Mexican couples get vows for new era

Kara Andrade Associated Press

MEXICO CITY – For 147 years, marriage vows in Mexico portrayed women as delicate, weak and potentially annoying.

These days, judges across Mexico are switching to versions that stress equality and mutual support, reflecting the growing power of women in a country still struggling with macho attitudes.

“As a father, I wouldn’t want a judge to tell to my daughter that she was the weakest part of a human being and that she is subject to her husband’s rule,” said Salvador Mendoza, a civil court judge in Mexico City who stopped reading the old vows in 2001.

The old vows, a 537-word ode to marriage, were considered open-minded and ahead of their time when they were penned 147 years ago by Melchor Ocampo, a Mexican lawyer, scientist and liberal politician.

They were meant to replace religious vows at a time when Mexican liberals were stripping away the Roman Catholic Church’s control over much of the country’s political, social and economic life.

Conservative foes summarily executed Ocampo by firing squad for promoting the separation of church and state, but kept the amended vows in the new civil marriage law.

They dictate that a husband should treat his wife with “generous benevolence that the strong should give to the weak” and that a wife should “avoid awakening the most brusque, irritable and hard part of (her husband’s) character.”

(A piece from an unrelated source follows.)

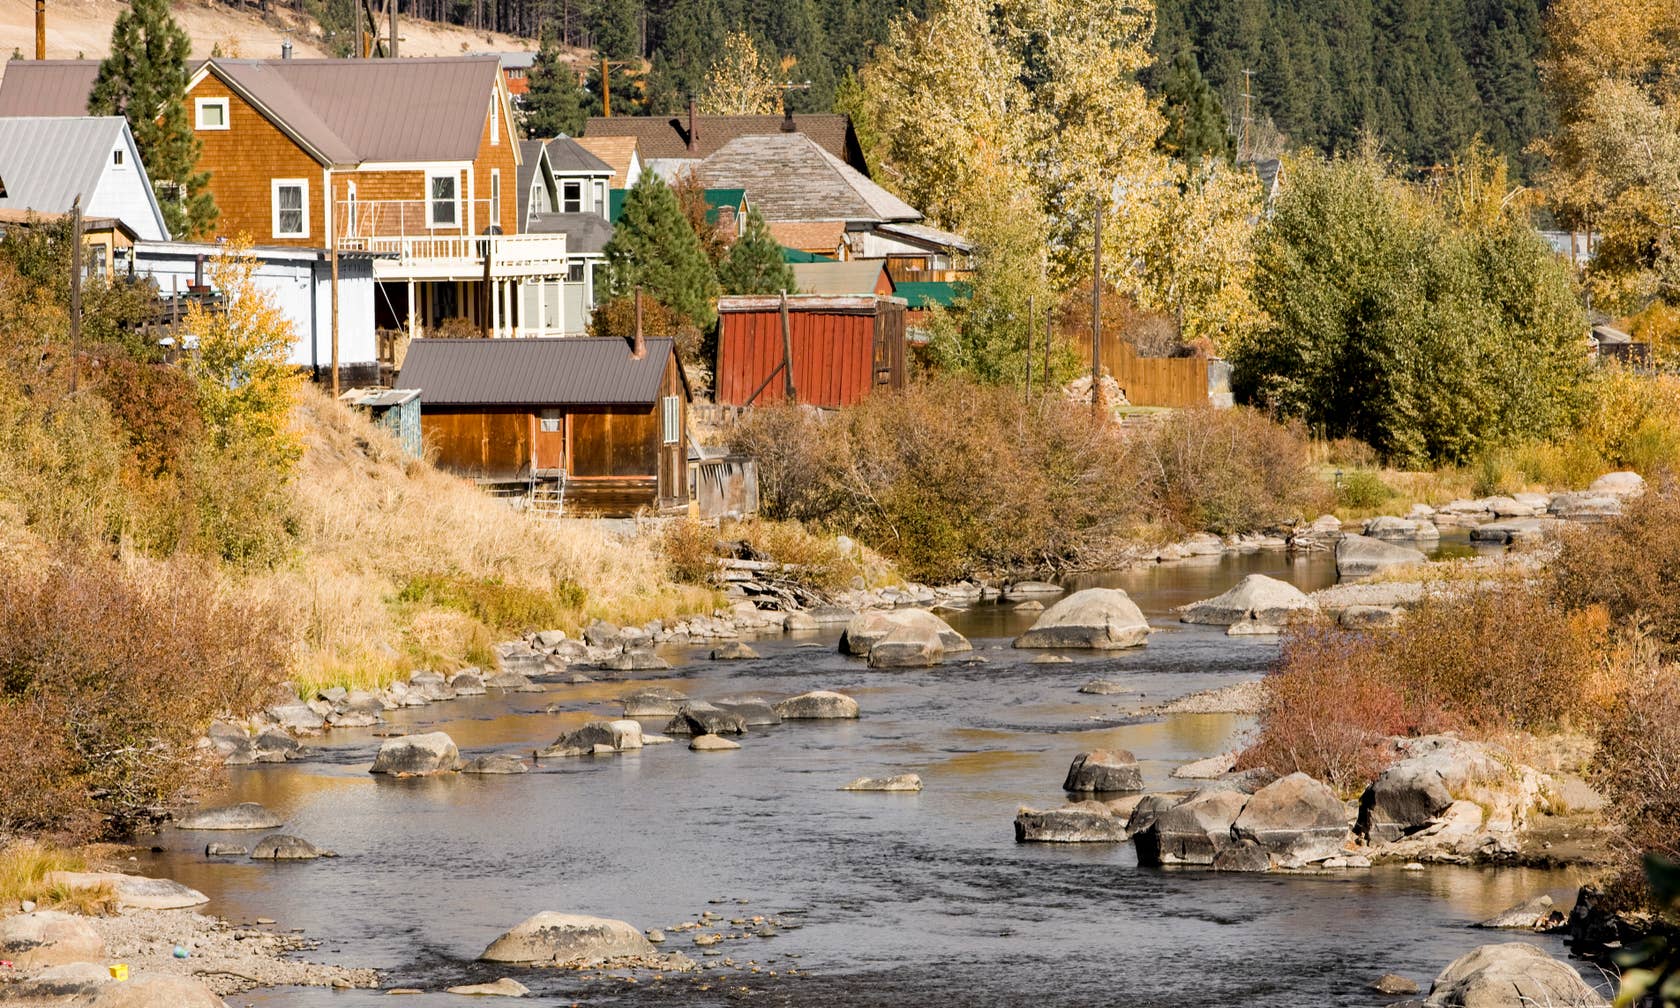 Holiday rentals in Truckee

Vianey Lozano, a Mexico City government employee who tied the knot three years ago in Guanajuato, said the language reflects a machismo that Mexico has left behind.

“We’re not in those times anymore, and my girlfriends see it more as a joke when they hear it,” she said.

Teresa Ulloa is president of Defensoras Populares, a women’s rights organization that challenged the old vows.

“Even though the Mexican constitution says we are equal, the vows put the woman in a very disadvantaged position, where the man can make it her obligation to reproduce, take care of the home,” she said.

The vows had already fallen out of favor with many couples before activists in March persuaded the lower house of Mexico’s Congress to adopt a resolution urging judges to skip the Ocampo wording.

Mendoza said that during his three years as a judge, no couple had asked him to read the old vows.

While some of Mexico’s 31 states stick to Ocampo’s vows, others, including Guanajuato and Veracruz, have held contests to seek public input in writing modern alternatives.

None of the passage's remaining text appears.